*SUPPLIED MATERIAL*:

* * * *

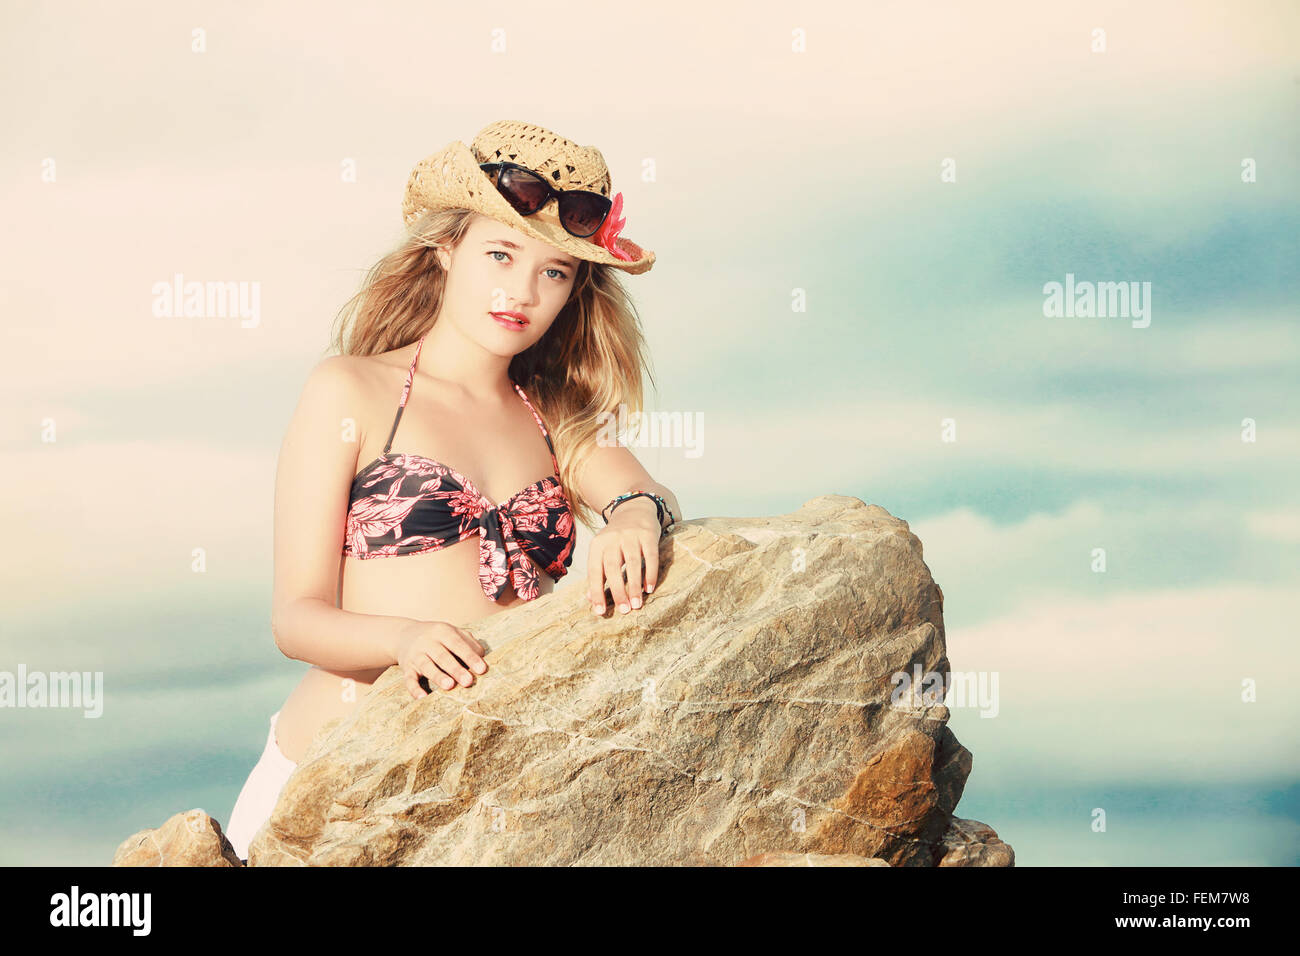 Eine Nahaufnahme Foto einer schönen blonden Dame gekleidet in einem Blumen- oder tropischen Bikini mit Cowboy-Hut und Sonnenbrille sideway gelehnt Stockfoto
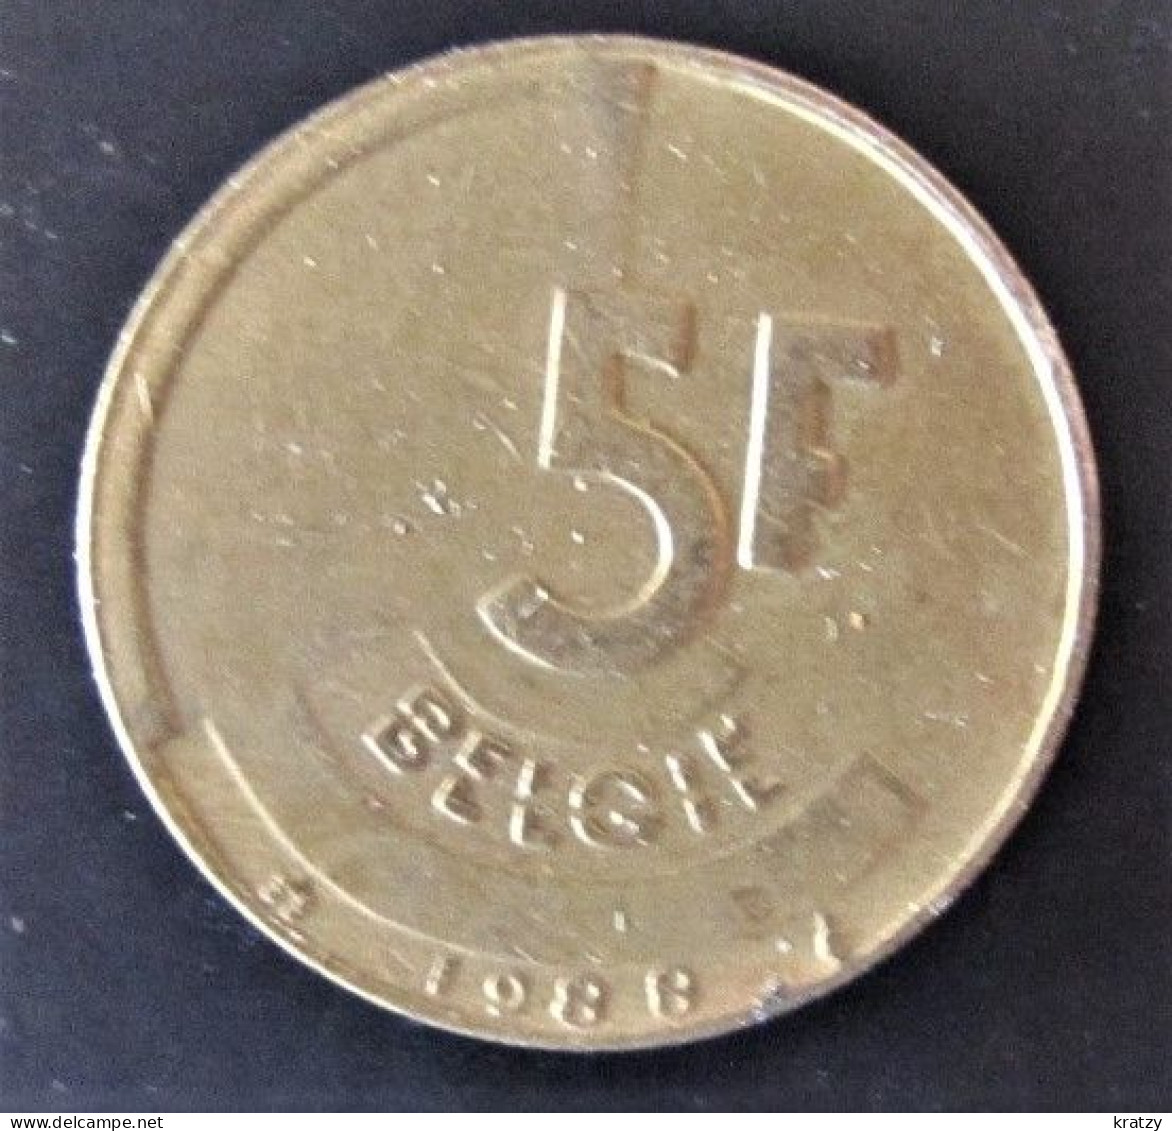 BELGIQUE - Pièce De 5 Francs - Cupro-nickel-aluminium - 1988 - 20 Francs
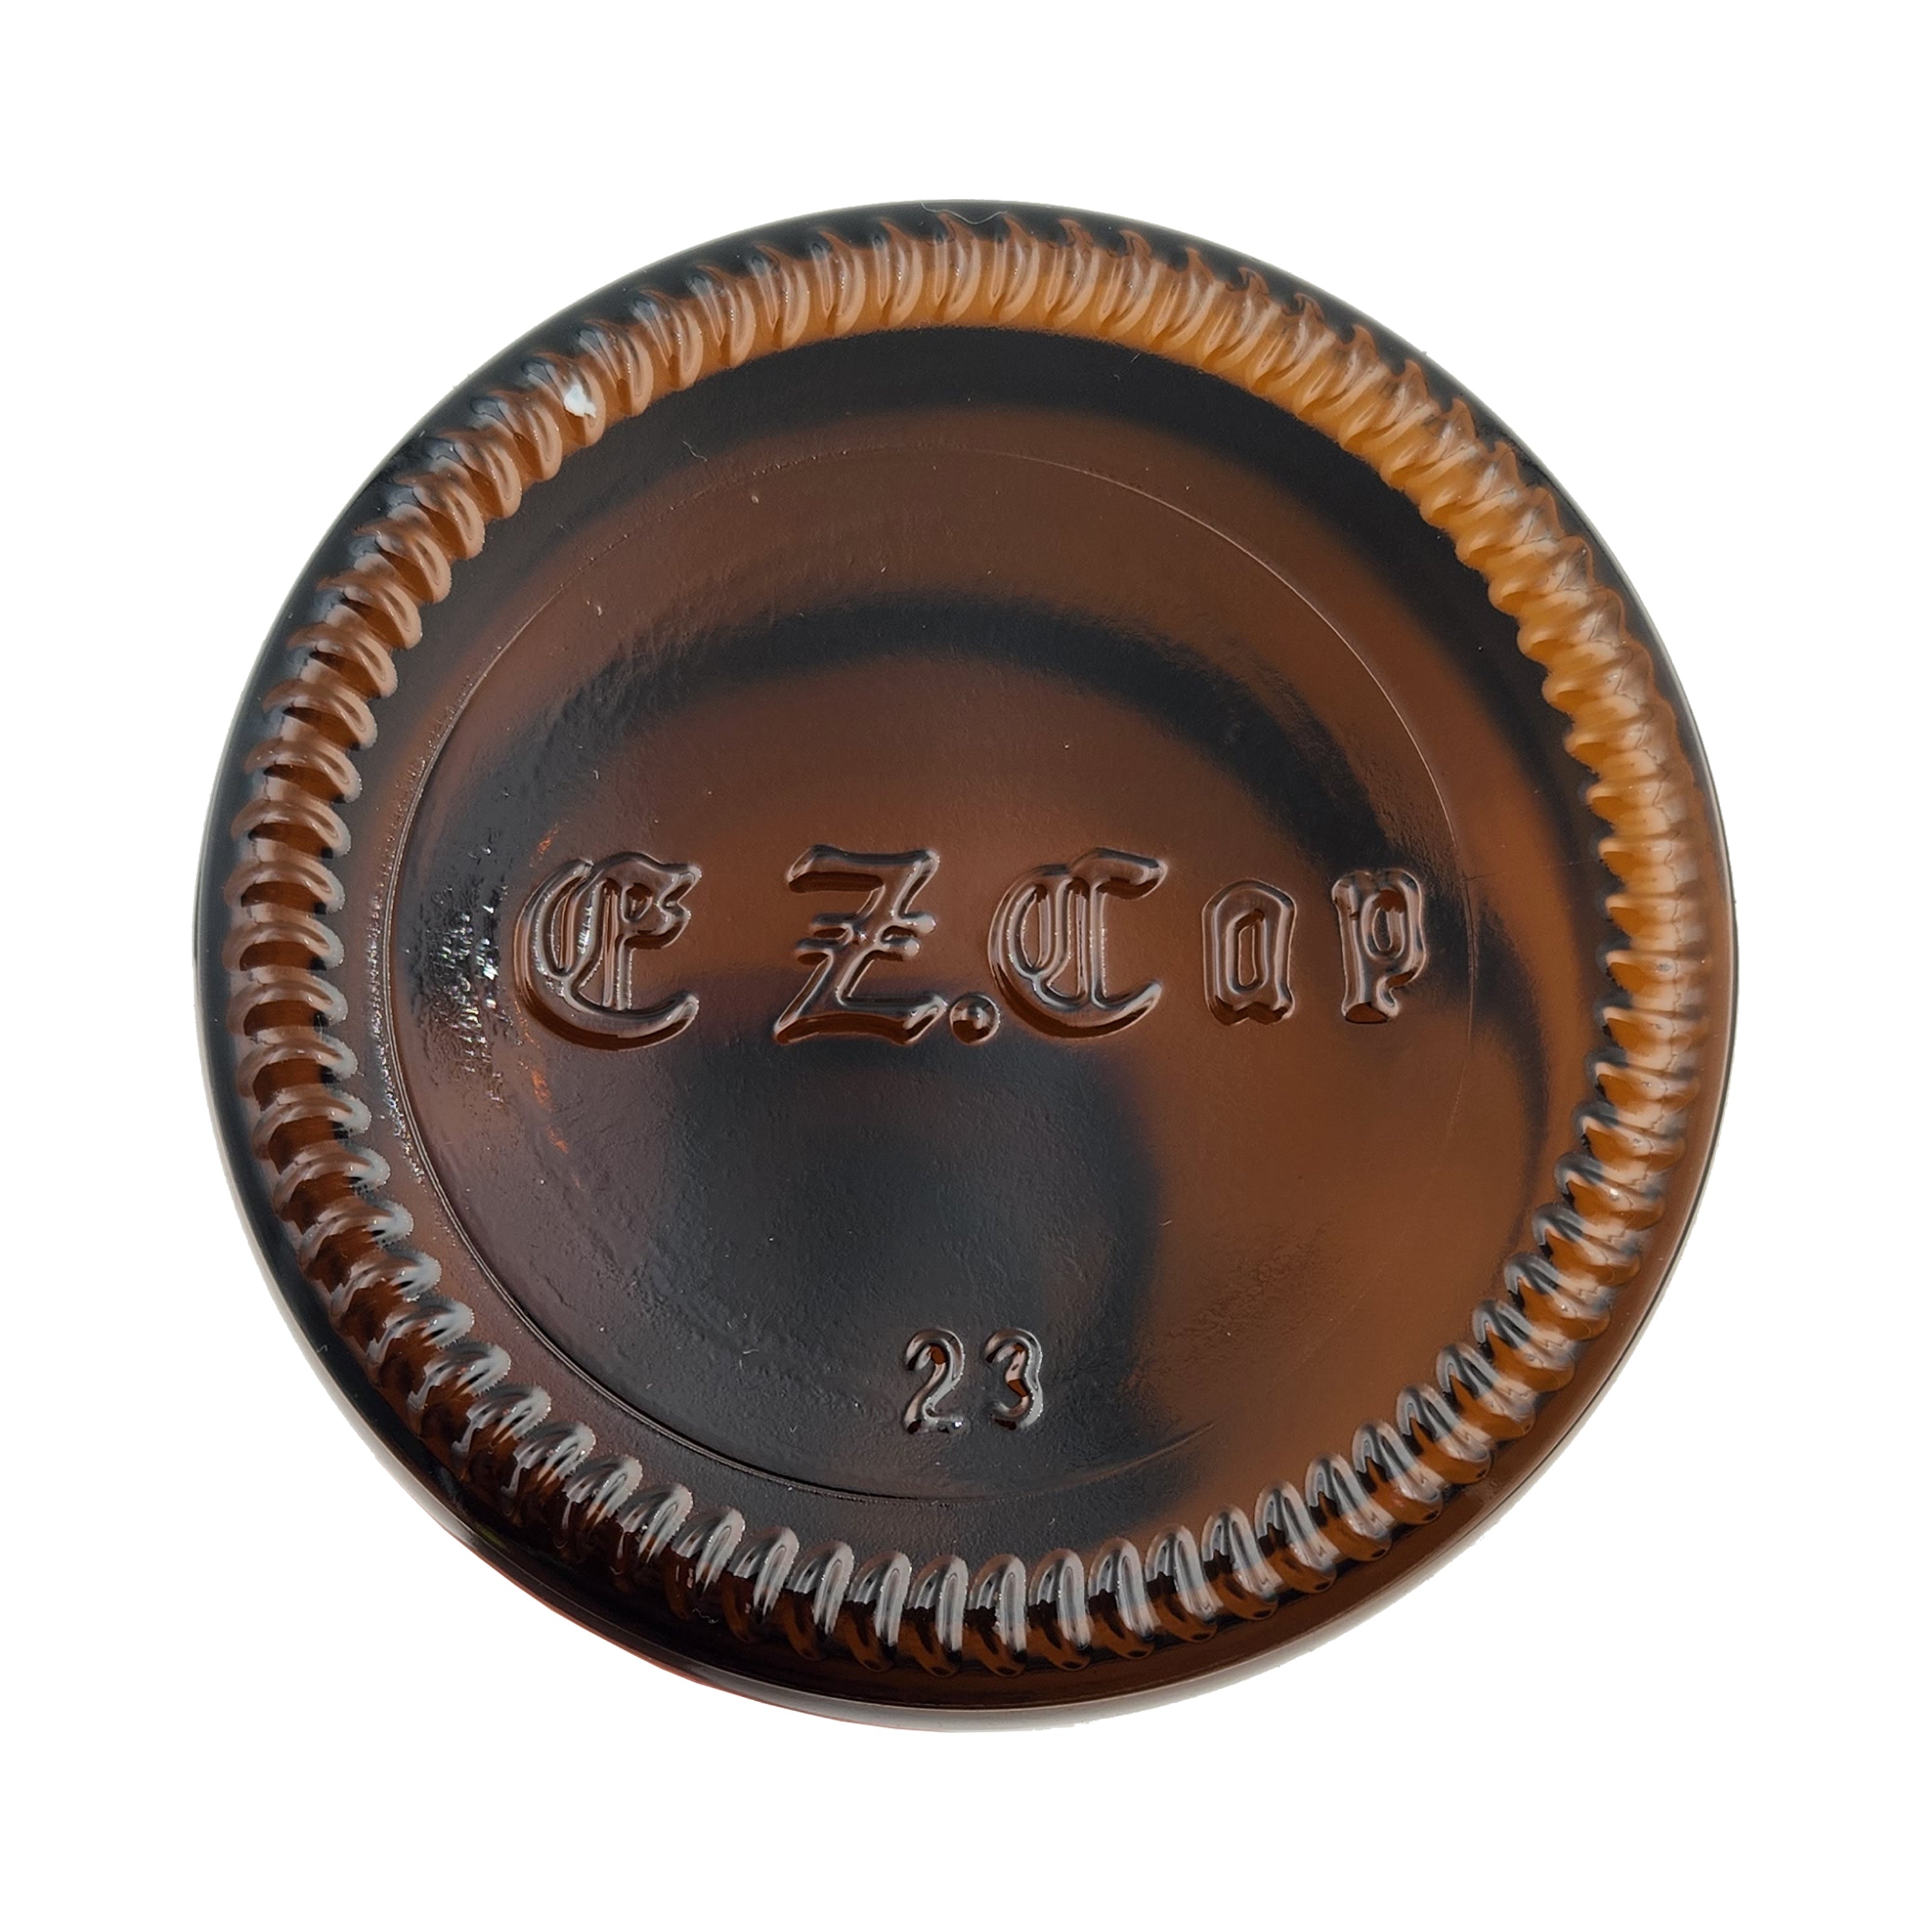 Cobalt EZ Cap Bottles w/ Swing Tops - 16 oz

* * * *

*ABOUT THIS EXERCISE*: Restate the whole listing above exactly, except for its images.

*EXPECTED ANSWER*:
 Eine Nahaufnahme Foto einer schönen blonden Dame gekleidet in einem Blumen- oder tropischen Bikini mit Cowboy-Hut und Sonnenbrille sideway gelehnt Stockfoto
 BELGIQUE - Pièce De 5 Francs - Cupro-nickel-aluminium - 1988 - 20 Francs
 Cobalt EZ Cap Bottles w/ Swing Tops - 16 oz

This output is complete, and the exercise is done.